Beauty is a nebulous idea -- impossible to confine. Beauty is like quality of which it has been said: "I don't know how to define it, but I know it when I see it." Beauty is the cousin of quality.
Beauty is easily found in nature, and frequently in the endless variety of human creativity. However, not nearly all of man's creation can be considered beautiful. Man has designed all manner of devices intended solely for destruction -- the various nuclear weapons, for example, being the most recent and most destructive. Man has also created systems for the enslavement, exploitation, and control of other men, i.e., the totalitarian state.
Any human system or practice which diminishes man's creativity and independence cannot be said to exemplify beauty. And so we come to the practice of standardized testing. We should ask ourselves if the goal of such testing is to find the aptitude of children or, if the goal is to help children discover their strengths and interests or, if the goal is to foster independence of thought and creativity? To all of the preceding the answer is: no! The goal is to find out how well children are fitting in to the program -- how well the pegs are being whittled down so they fit into the holes. The goal is to determine the level of compliance of schools and children.
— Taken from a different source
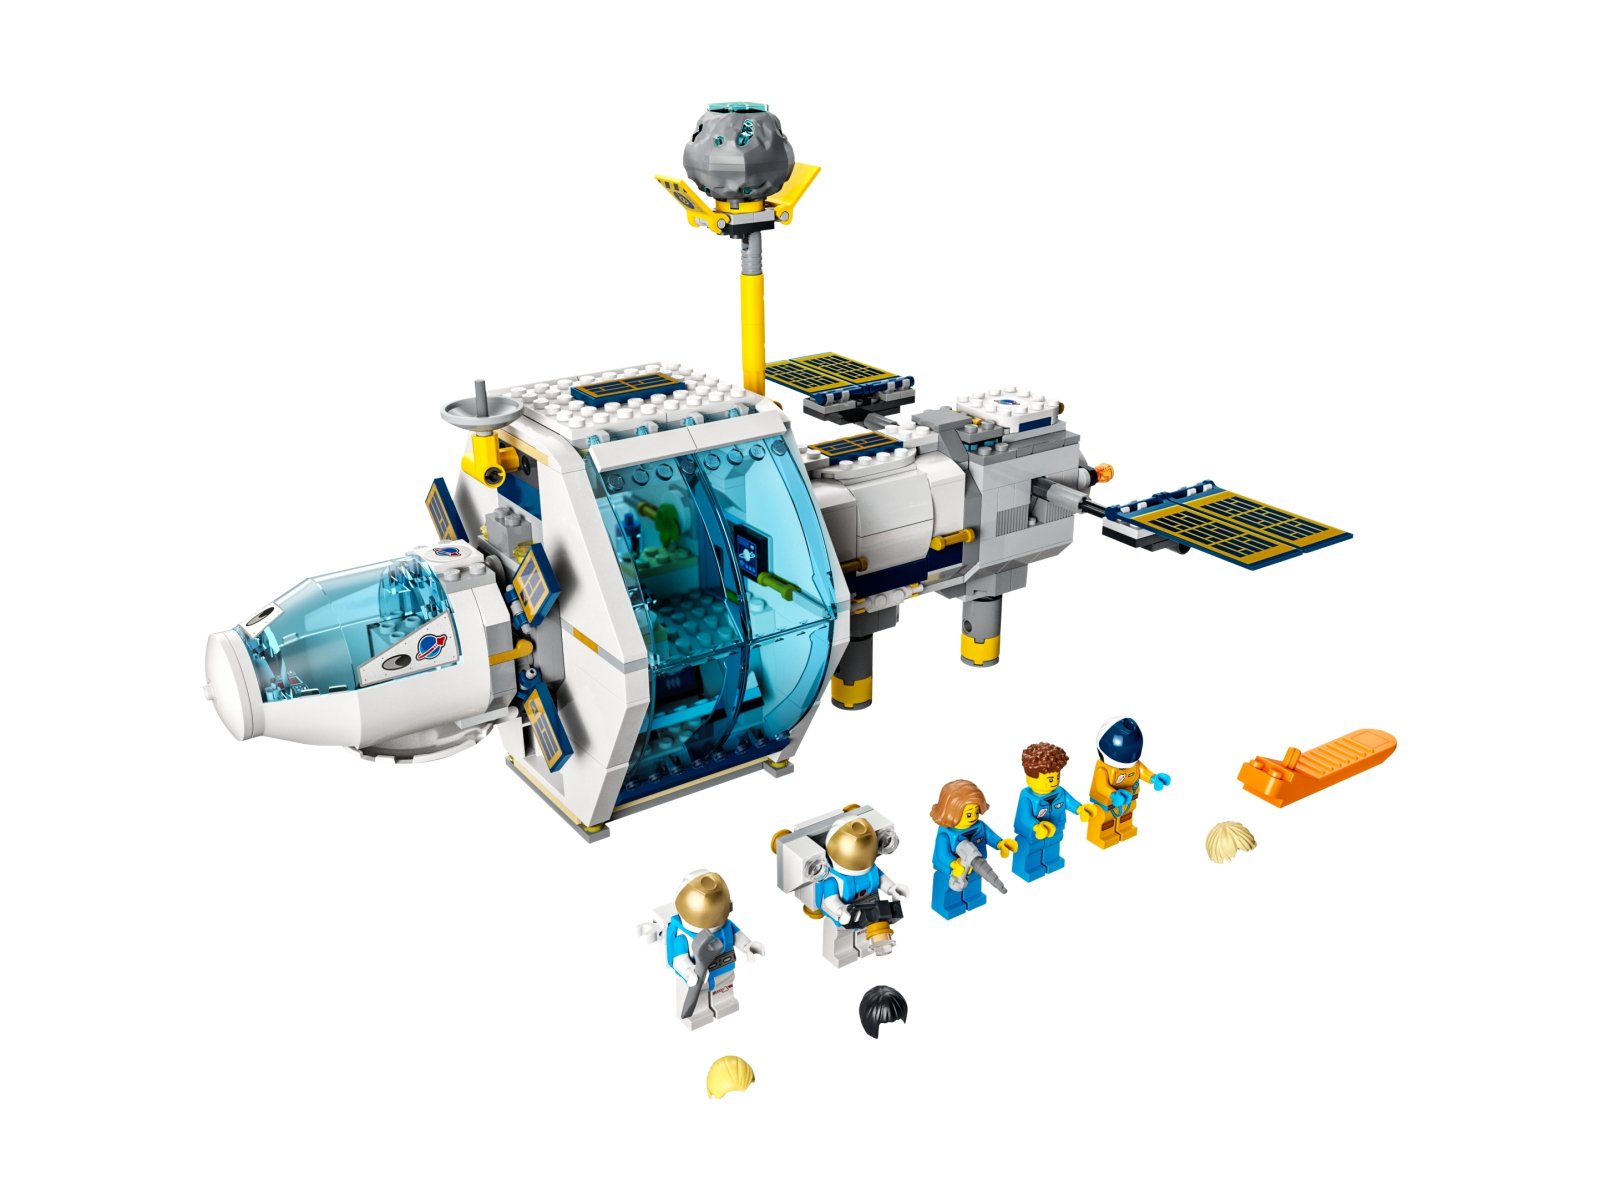 LEGO 60349 Stacja kosmiczna na Księżycu

Well-meaning people have designed such tests thinking that we can actually quantify teaching and learning. The effort is as fruitless as any attempt to quantify beauty. It can't be done. The practice has no respect for various gifts and talents, or for differences in human development. It seeks only to increase efficiency -- to standardize the product, and the manufacturing process. Standardized testing is simply the stuffing tube through which the sausage must pass. There is no beauty in it.